TASK REQUIREMENTS: Start to finish, print the data below exactly, without the images.

RECORDED DATA:
......
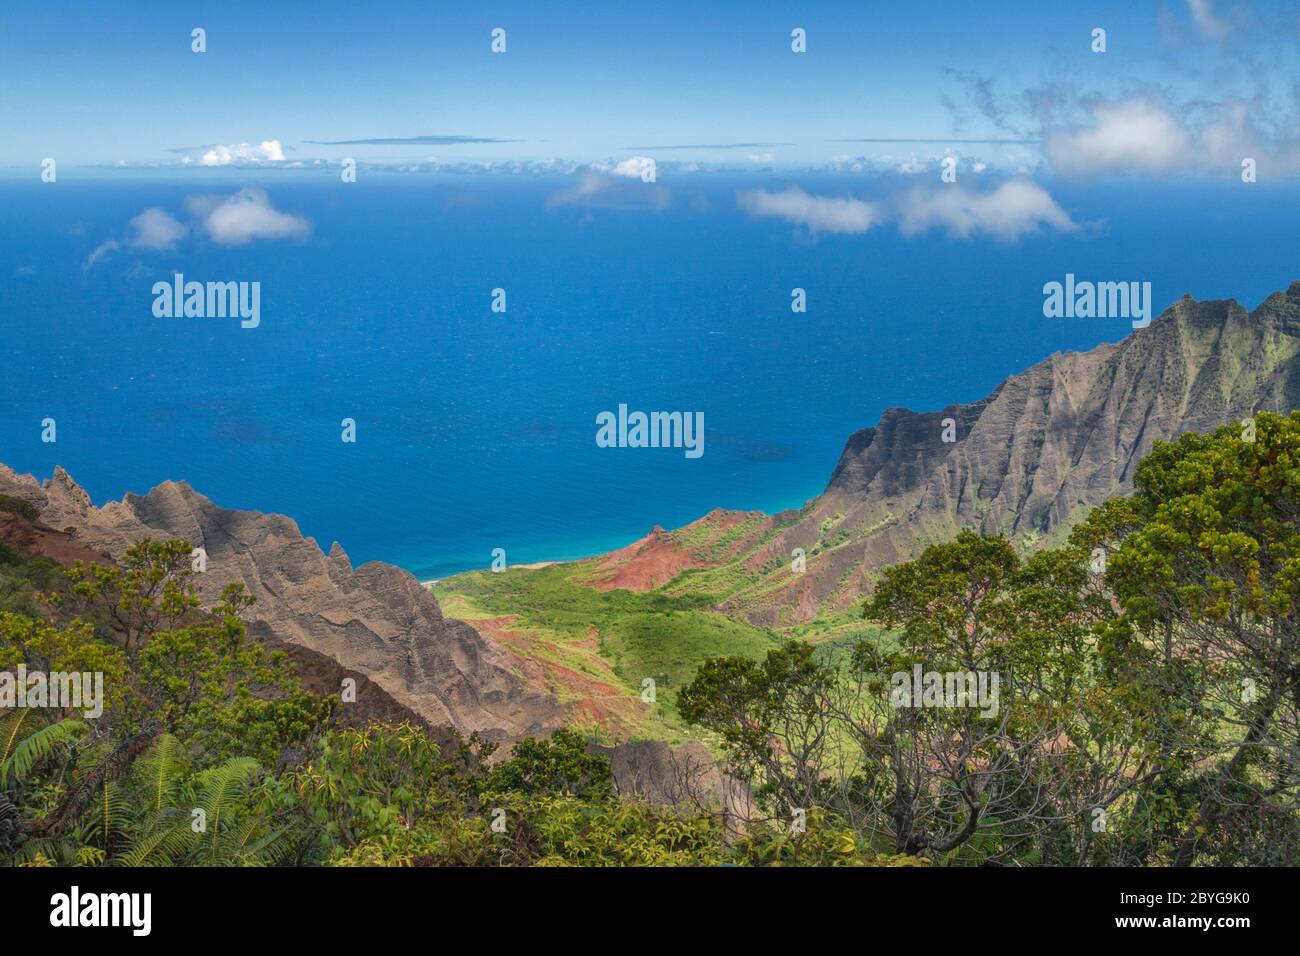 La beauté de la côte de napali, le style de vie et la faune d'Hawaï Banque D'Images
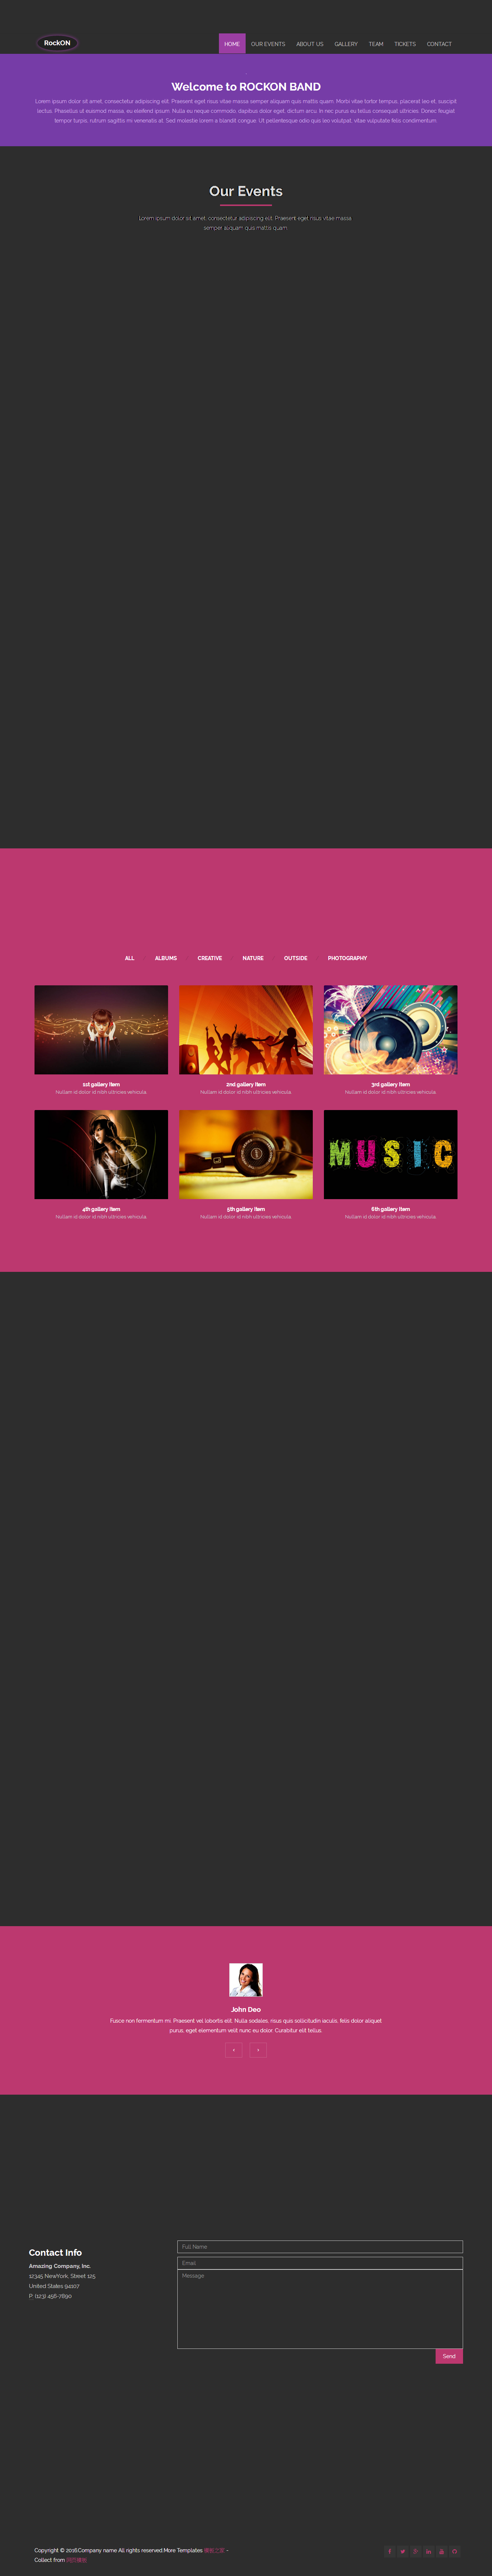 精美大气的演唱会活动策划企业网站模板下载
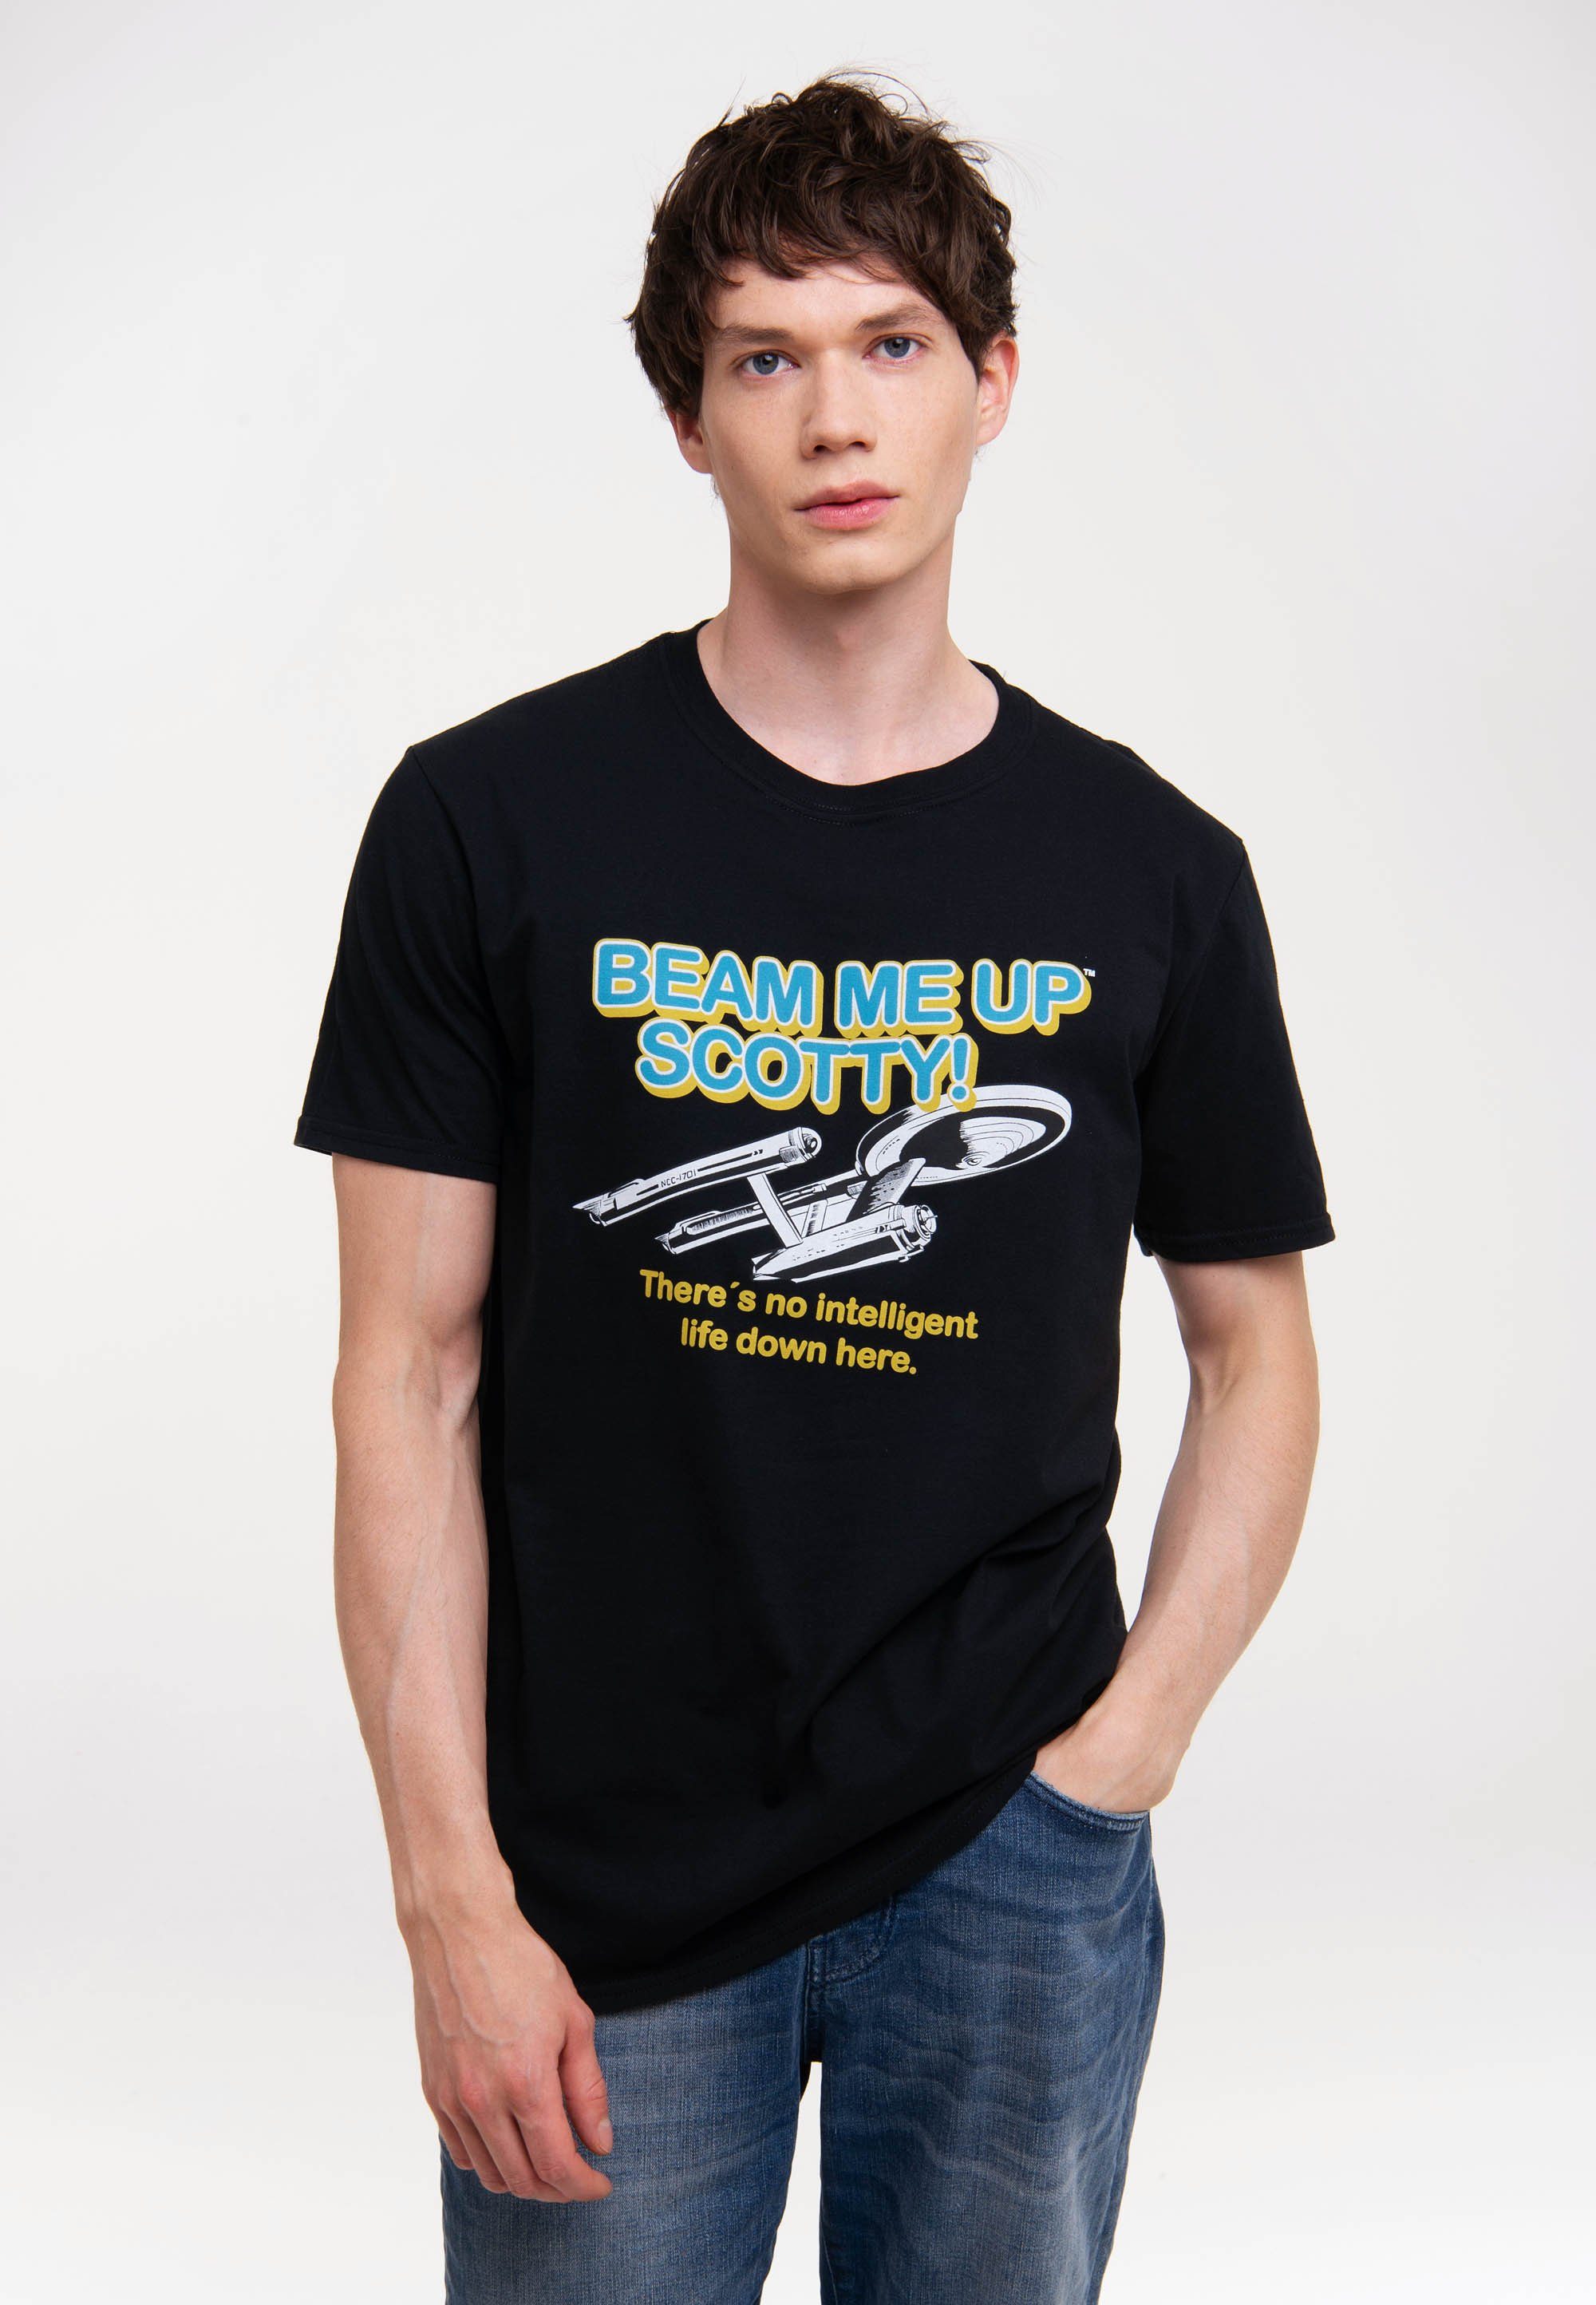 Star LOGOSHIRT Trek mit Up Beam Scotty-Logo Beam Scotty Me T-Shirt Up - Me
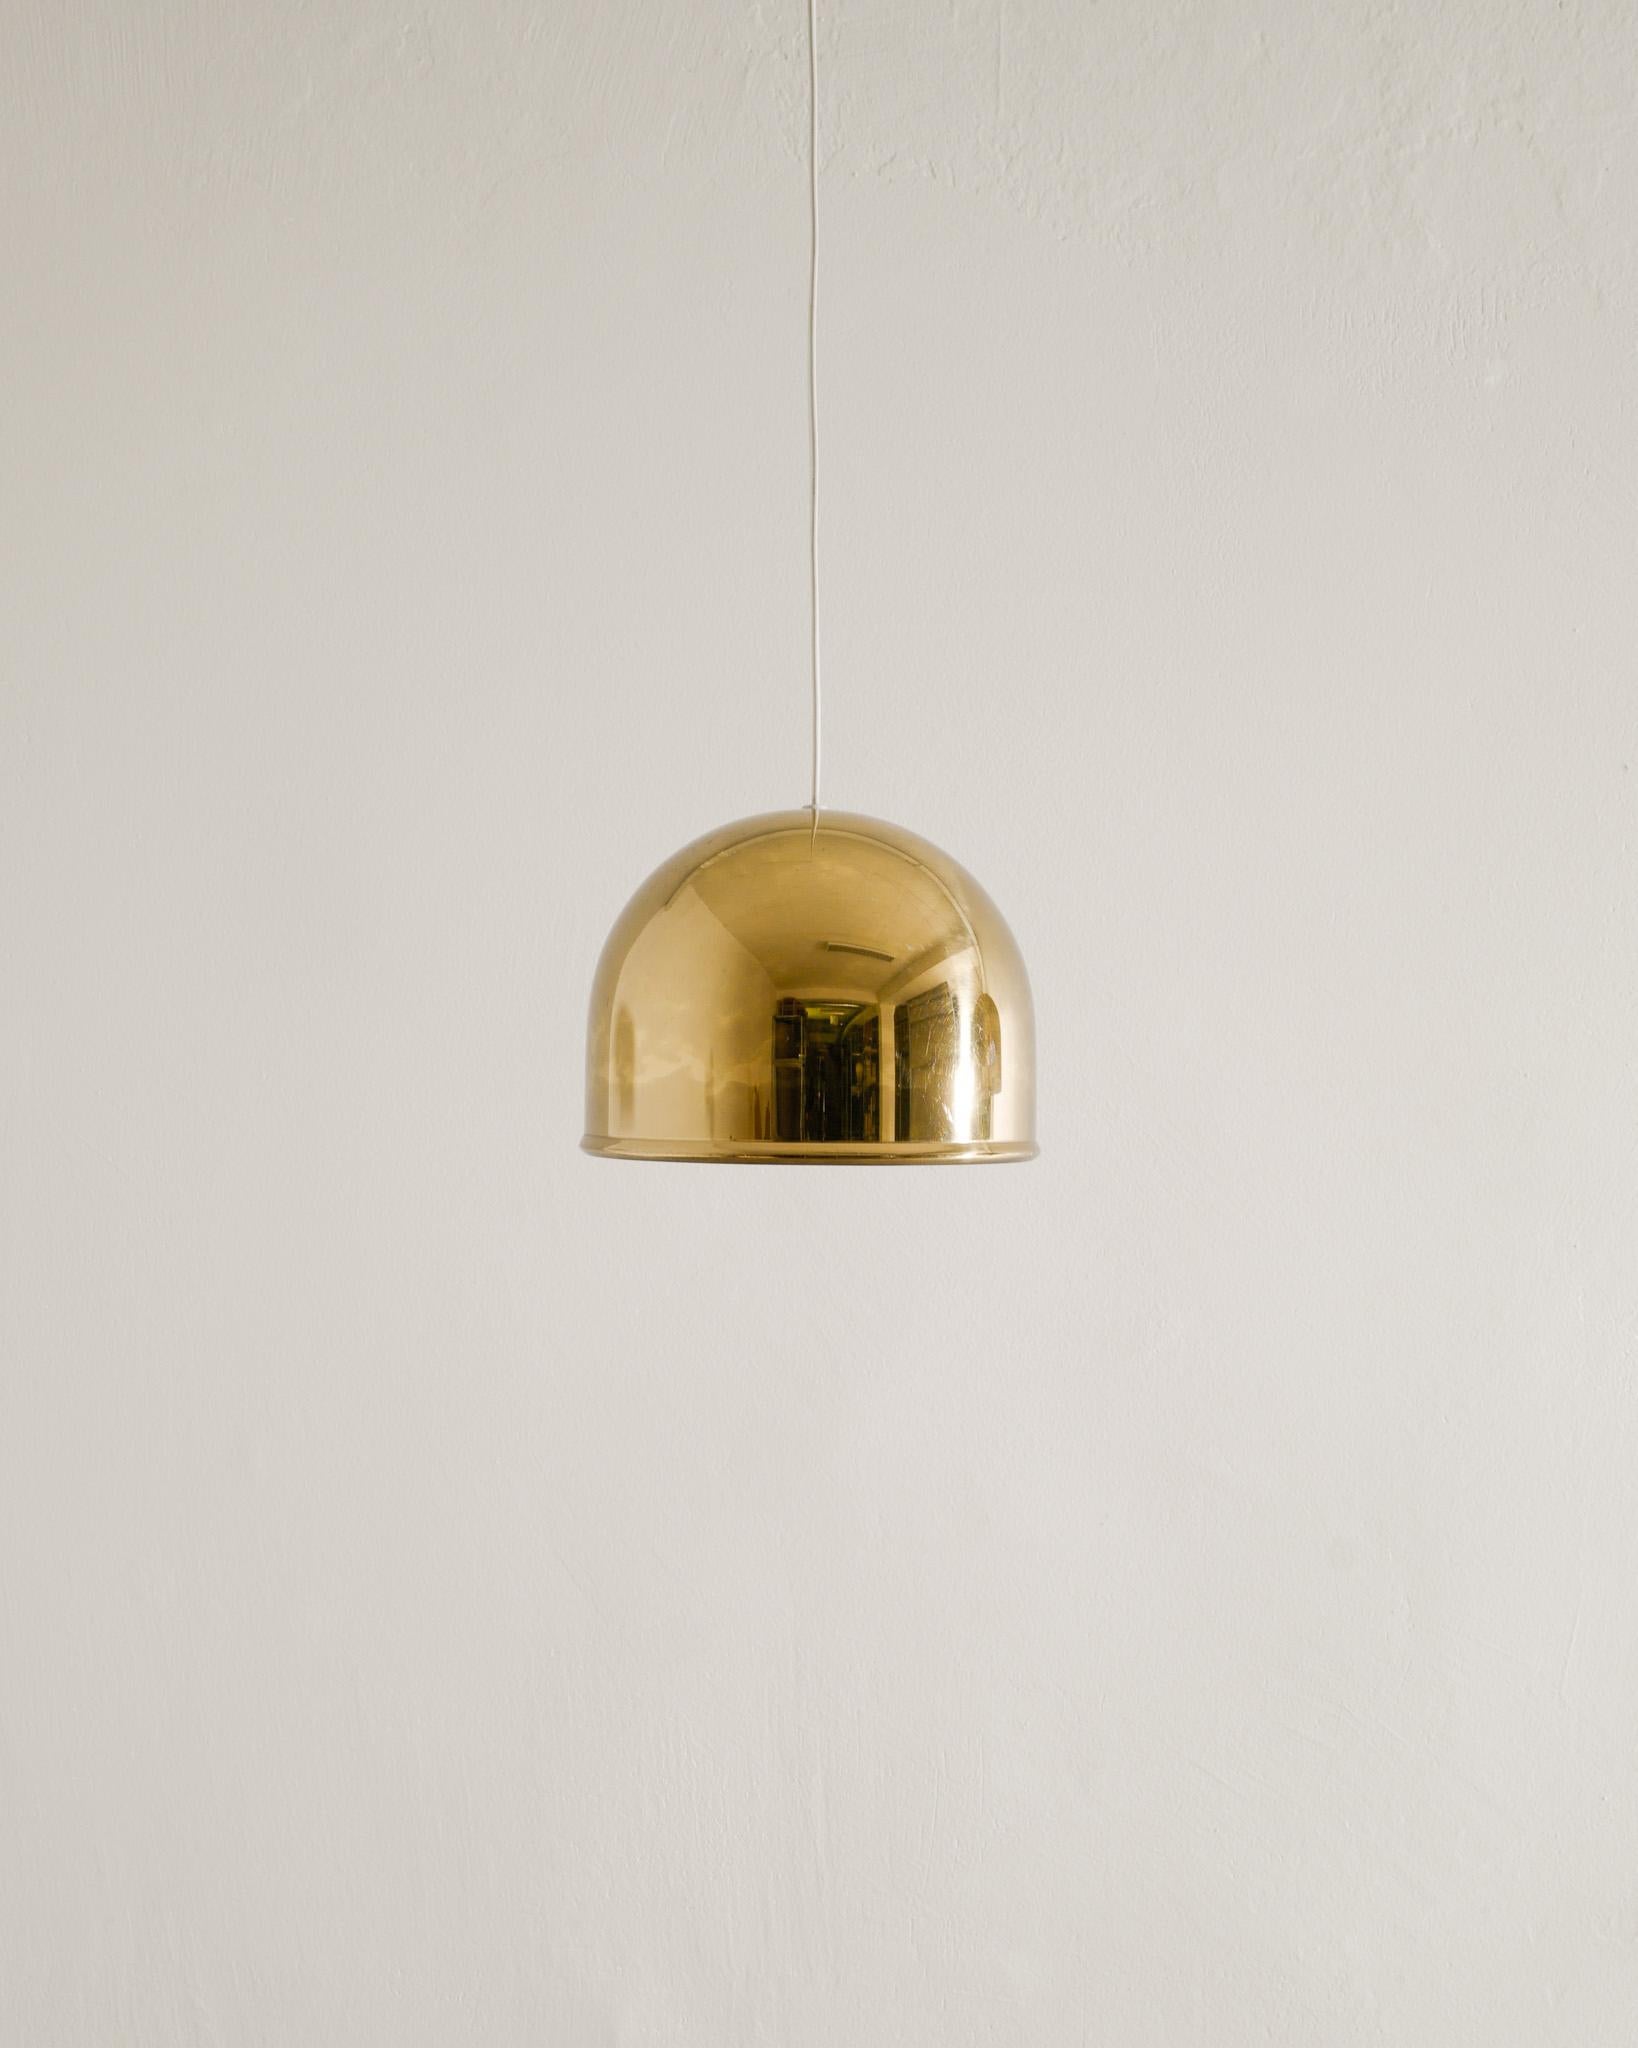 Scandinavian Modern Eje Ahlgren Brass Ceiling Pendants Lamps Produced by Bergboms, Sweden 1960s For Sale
......
ANSWER SPACE:
 La beauté de la côte de napali, le style de vie et la faune d'Hawaï Banque D'Images
 精美大气的演唱会活动策划企业网站模板下载
 Star LOGOSHIRT Trek mit Up Beam Scotty-Logo Beam Scotty Me T-Shirt Up - Me
 Scandinavian Modern Eje Ahlgren Brass Ceiling Pendants Lamps Produced by Bergboms, Sweden 1960s For Sale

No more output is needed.